The timing of the highly disruptive COVID-19 crisis raises the political stakes. It arrives after a decade marked by the emergence of populist and nationalist parties whose leaders express open hostility to European integration and a preference for policies that exclusively serve a nation’s own citizens. COVID-19 may present an opportunity to promote these nationalist narratives, scale back the scope of EU policies and, in some cases, combat crisis-related measures on the basis of fake narratives.
Abroad, the perceived failings of the EU response and the reintroduction of internal border controls have been “read in Moscow as more proof that the EU is not coping with the challenges of the modern era.” China and Russia are now promoting themselves as the biggest helpers.
The Months Ahead
Although some have argued that the health sector falls outside the EU’s field of competence, a crisis as wide-ranging as COVID-19 inevitably implicates other EU domains—the Schengen Area, the single market, budgetary discipline, the eurozone, and the Civil Protection Mechanism—as demonstrated by the first actions taken at EU level.
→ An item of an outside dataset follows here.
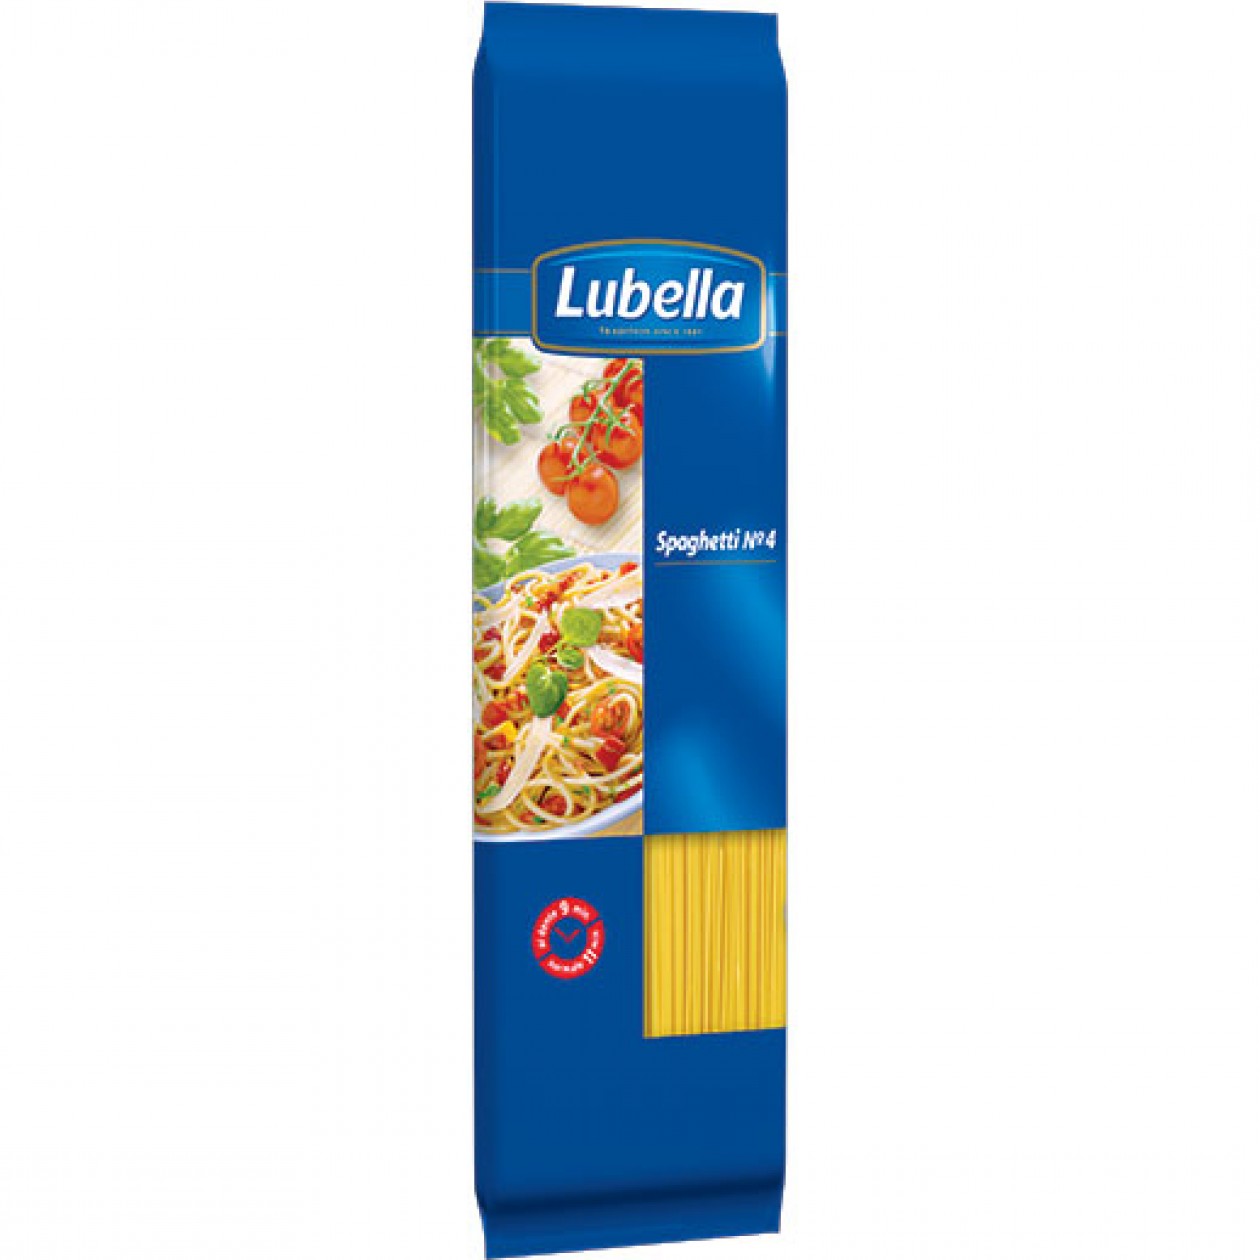 Lubella Spaghetti - 4 20x400g

But a lot more is expected in other domains by citizens who expect the EU to protect them. Beyond the announced European Council agenda, four medium-term topics deserve attention:
- A monitoring and planning mechanism to assess risks, agree on policies, and create efficient decisionmaking procedures. EU institutions and national governments should equip themselves with a better toolbox to carry on after COVID-19. Leaders must be better prepared.
- A preservation plan for strategic industries. For the pharmaceutical and medical industries, it is tolerable that basic ingredients (for example, reactive substances for testing kits) are largely in the hands of non-EU powers like China and the United States. Furthermore, EU industries may be under threat after a German laboratory was the subject of an alleged takeover attempt by the U.S. government at the most critical time in the COVID-19 pandemic.
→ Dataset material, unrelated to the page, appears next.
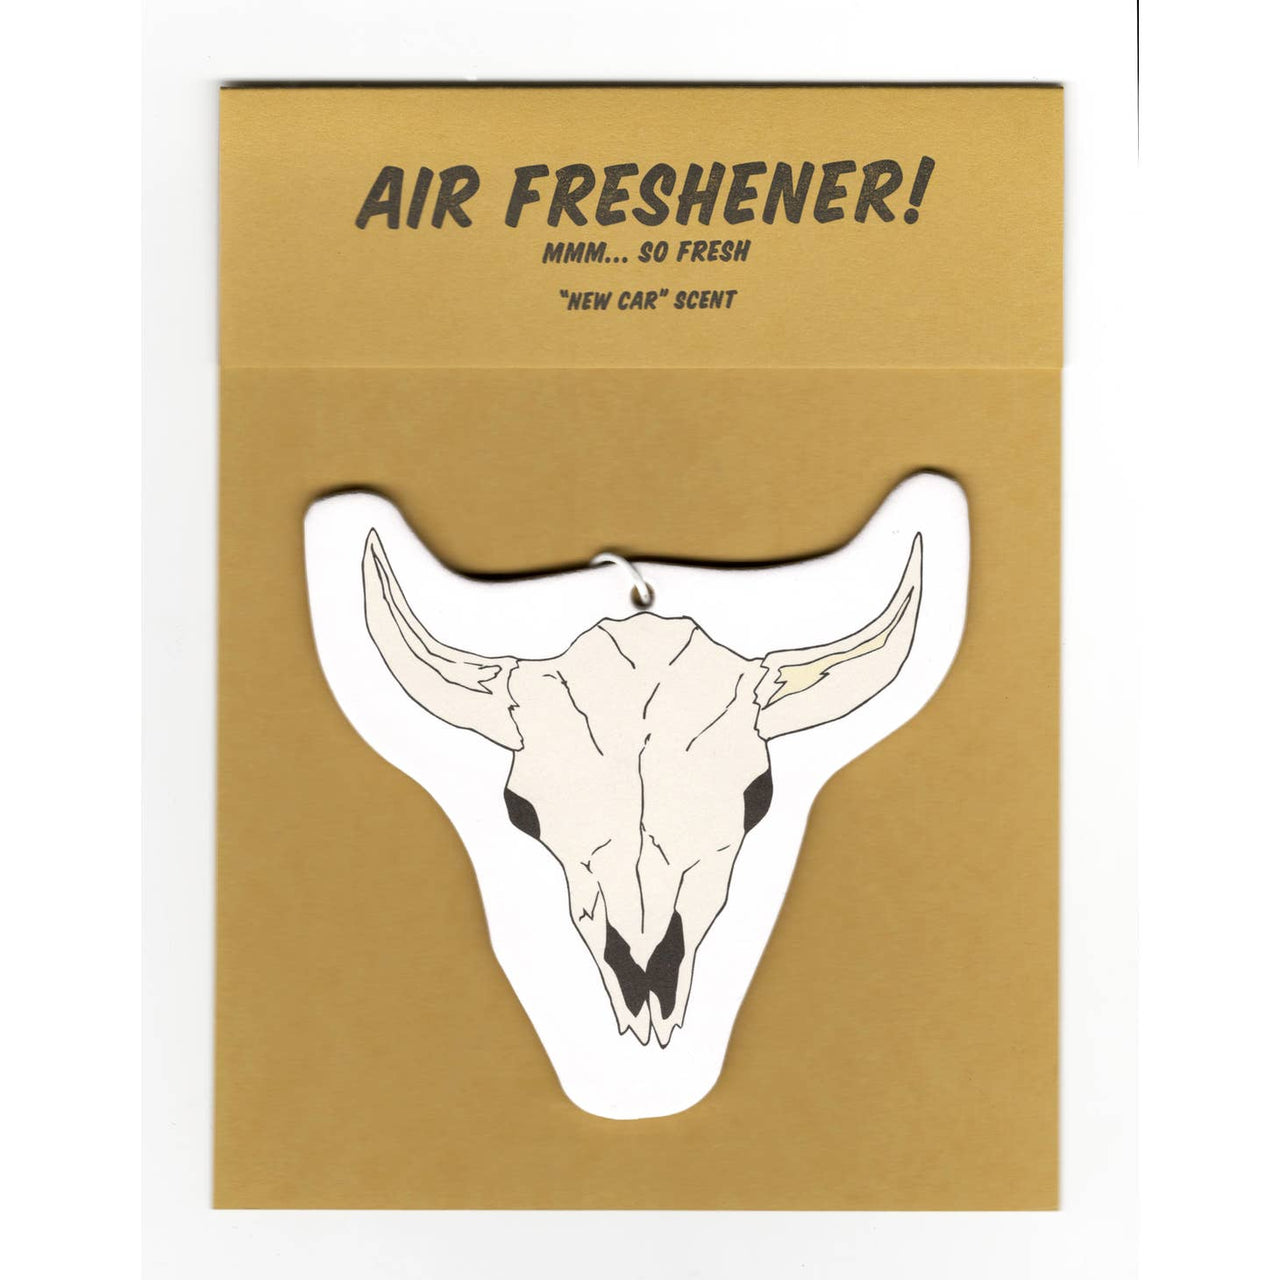 Power & Light Press - Air Freshener - Skull (New Car Scented)

- A program to coordinate national research on pandemics. Taxpayer money will be used at the national level to boost research on pandemics and vaccines, but these efforts need to be inserted into a comprehensive Europe-wide framework able to disseminate results.
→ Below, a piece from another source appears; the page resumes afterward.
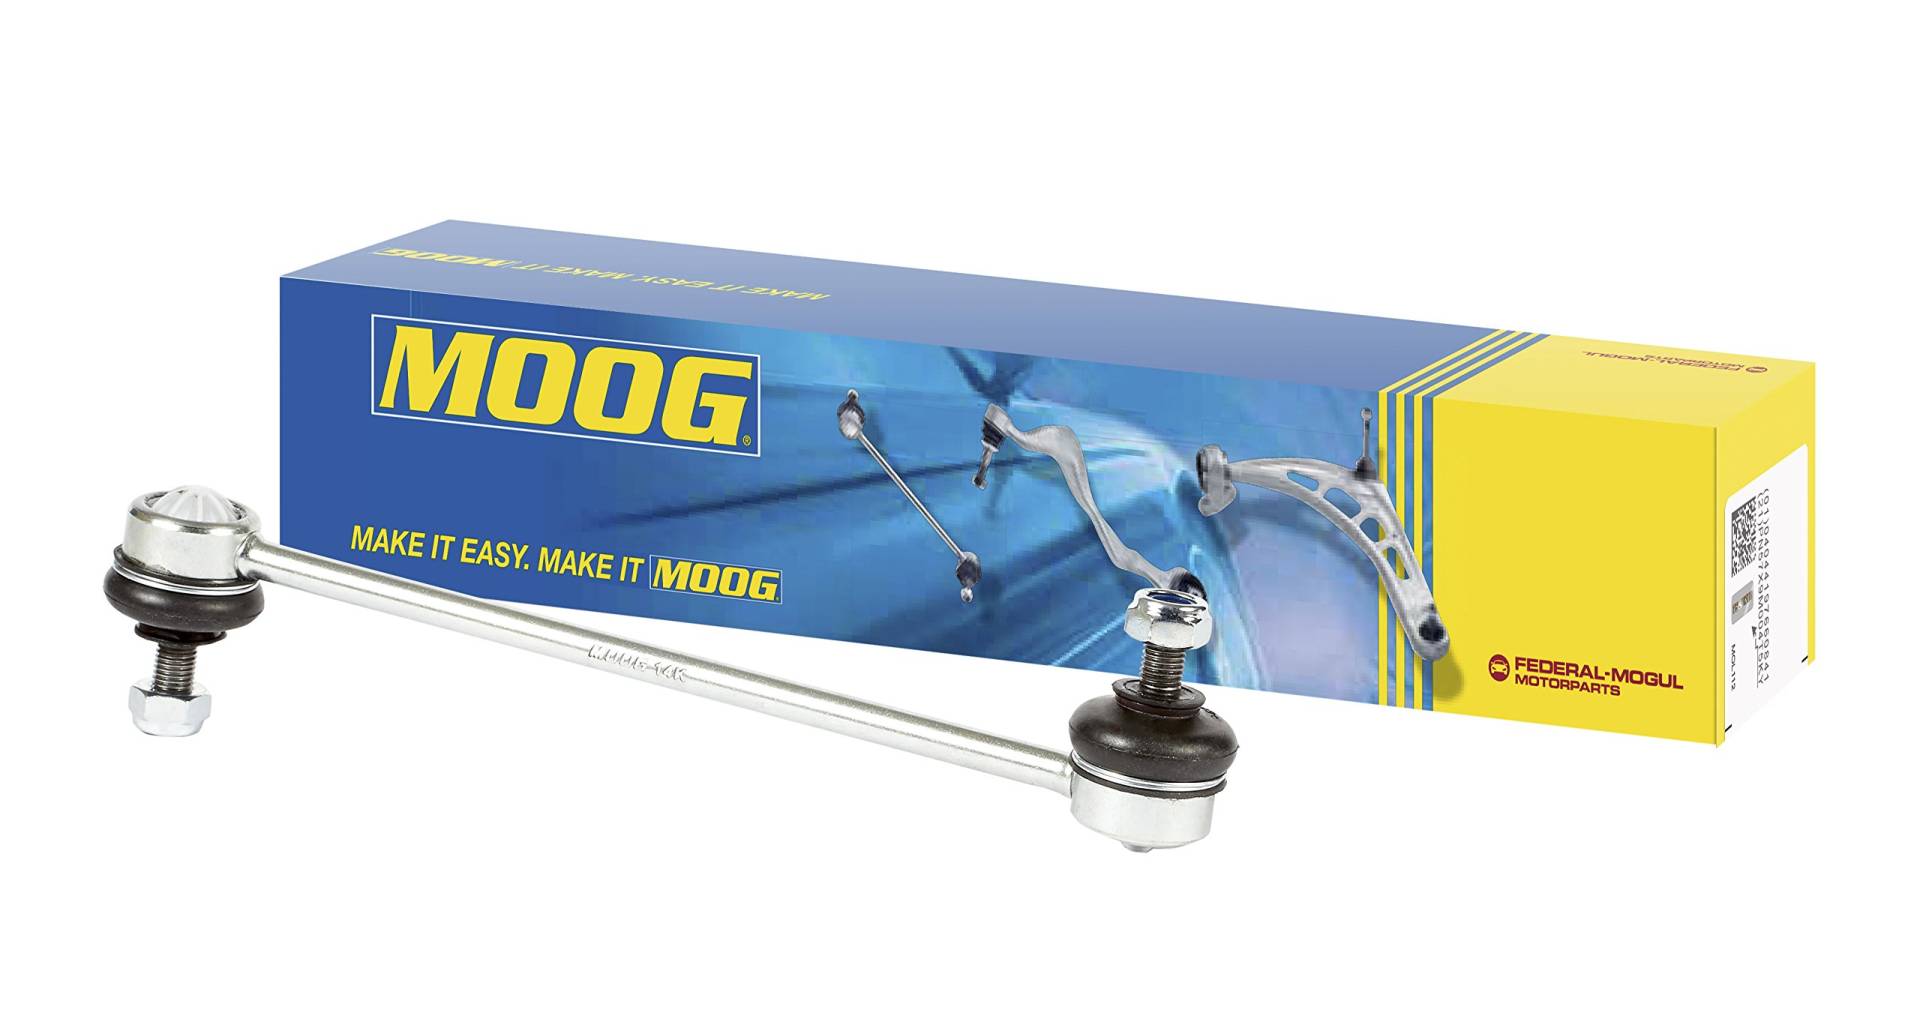 MOOG NI-LS-8422 Stabilsatoren von MOOG

- Revisions to EU consular cooperation procedures in third countries. Since consular protection is already the rule, existing procedures should ensure the safe repatriation of all EU citizens in an emergency.
It is high time for the EU to assert itself in the scientific and industrial domains that are critical to its future and to organize both its preparedness for crisis and its control of strategic production. EU citizens cannot tolerate the policy vacuum in these fields and be left at the mercy of market forces.
The crisis is an EU-wide issue. It is not only, as European Council of Foreign Relations member Ivan Krastev argues, that COVID-19 will “force the return of big government” and “help reassert the role of the nation-state.” There is an altogether different dimension: given the severity of the pandemic, European leaders can no longer argue in favor of taking their own measures within their country’s narrow borders. The necessary measures will not work in isolation, and their magnitude is out of proportion to the budget of any nation-state. It is clearly not time for “less Europe.” This pandemic is a massive challenge, but it is also an opportunity for Europe to better serve its citizens.
Following the immediate response, COVID-19 also becomes an EU foreign policy issue. Will this pandemic have shown Europeans to be mainly concerned with themselves and their own wealth and health? Or will they seek to project power and compassion to other parts of the world, especially in war-torn countries like Syria? While the EU will do whatever it takes to cope with the outbreak, its credibility as a global defender of democratic values and the rule of law will also depend on initiatives outside its borders.